With a key focus on recent developments and advances in the field, this book provides in-depth coverage of topics fundamental to the development of targeted therapeutics. The expansion of targeted modalities in rapidly evolving therapeutic areas, such as immune-oncology, and developments with respect to combination therapies, novel technologies, and the therapeutic application of antibody-drug conjugates, are presented. Additionally, the book builds upon topics discussed in the first edition (2012) where recent innovations warrant elaboration. This, the second edition of Development of Antibody-Based Therapeutics: Translational Considerations, represents a comprehensive evaluation of progress in the field, which sits alongside the first edition to inform, in detail, professional and academic researchers, as well as graduate students.

Features:
• Offers new insight into strategies for development of antibody-based therapeutics
• Discusses design of animal models in identifying potential risks to humans
• Shows how the flow of information from later to earlier stages of development can facilitate selection of more effective novel and next-generation drug candidates

Authors
• Mohammad A. Tabrizi, Ph.D. is a leader in translational sciences as related to development of antibody-based therapeutics. His product development experience spans many therapeutic areas including oncology and inflammatory disease, and his technical expertise includes preclinical pharmacology and safety, preclinical and clinical pharmacokinetics, pharmacodynamics, GLP-compliant bioanalytics, and clinical pharmacology of therapeutic monoclonal antibodies.

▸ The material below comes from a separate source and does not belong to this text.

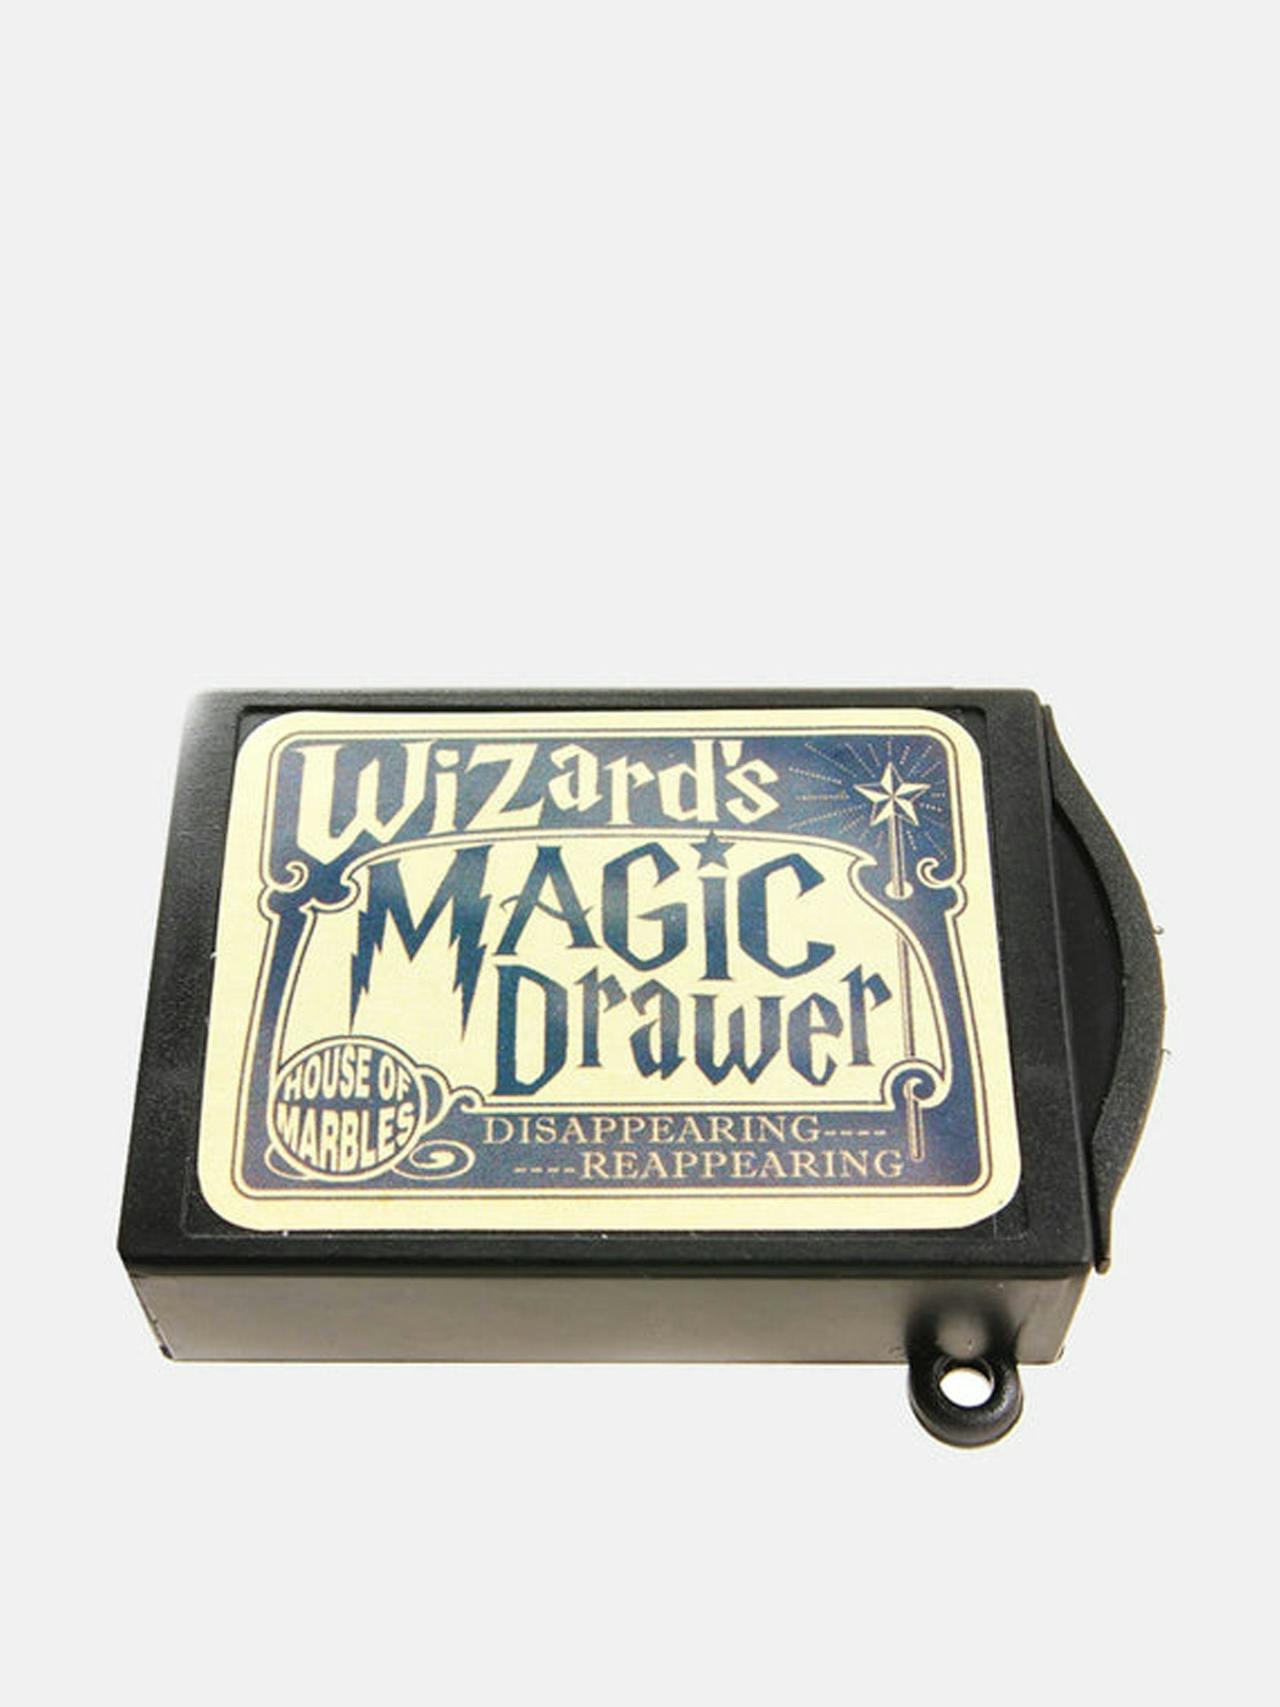 Magic drawer

• Gadi G. Bornstein, Ph.D. has nearly twenty years of experience in Oncology R&D with an emphasis in preclinical antibody discovery and development. Dr. Bornstein currently leads and directs biologics discovery efforts at TESARO. He received his B.S. in biochemistry at the University of California, Davis and his doctoral degree in biochemistry at the University of Southern California Keck School of Medicine. Dr. Bornstein completed his postdoctoral training at Stanford University in the Division of Immunology and Rheumatology.
Following his postdoctoral training, Dr. Bornstein joined Amgen Fremont, Inc. (formerly Abgenix, Inc.) as a Staff Scientist in the Preclinical Oncology department. Dr. Bornstein has held roles of increasing responsibility at AstraZeneca, Pfizer, and Novartis, where he was a project team leader, lead biologist, and key contributor to scientific strategies for multiple oncology programs. Dr. Bornstein has authored numerous research papers, reviews, as well as book chapters, and is a co-inventor on multiple patents.
• Scott L. Klakamp, Ph.D. is one of the leading scientists in utilizing Surface Plasmon Resonance (SPR) and KinExA® to measure the binding kinetics and equilibrium dissociation constants of human monoclonal antibody/antigen complexes. He was the founder of SKD Consulting LLC and acted as Principal Consultant at that company during the development of this title. Prior to SKD Consulting LLC, he was the Vice President of Chemistry and Biochemistry at BiOptix Inc., a company that provided the 404pi biosensor. Dr. Klakamp has also held positions of increasing responsibility in the areas of analytical and biophysical characterization at Chiron, Amgen/Abgenix, AstraZeneca/MedImmune, and Takeda Pharmaceuticals.
Dr. Klakamp has been an author on over 30 research and review papers, book chapters, and patents. He has also been an invited speaker at numerous international and national meetings. Dr. Klakamp received his B.A. in Chemistry from Houghton College and his PhD in Chemistry at the Pennsylvania State University. From 1990 to 1993, he completed a postdoctoral fellowship (funded by a National Research Service Award from the National Institutes of Health) at the California Institute of Technology in bioinorganic chemistry.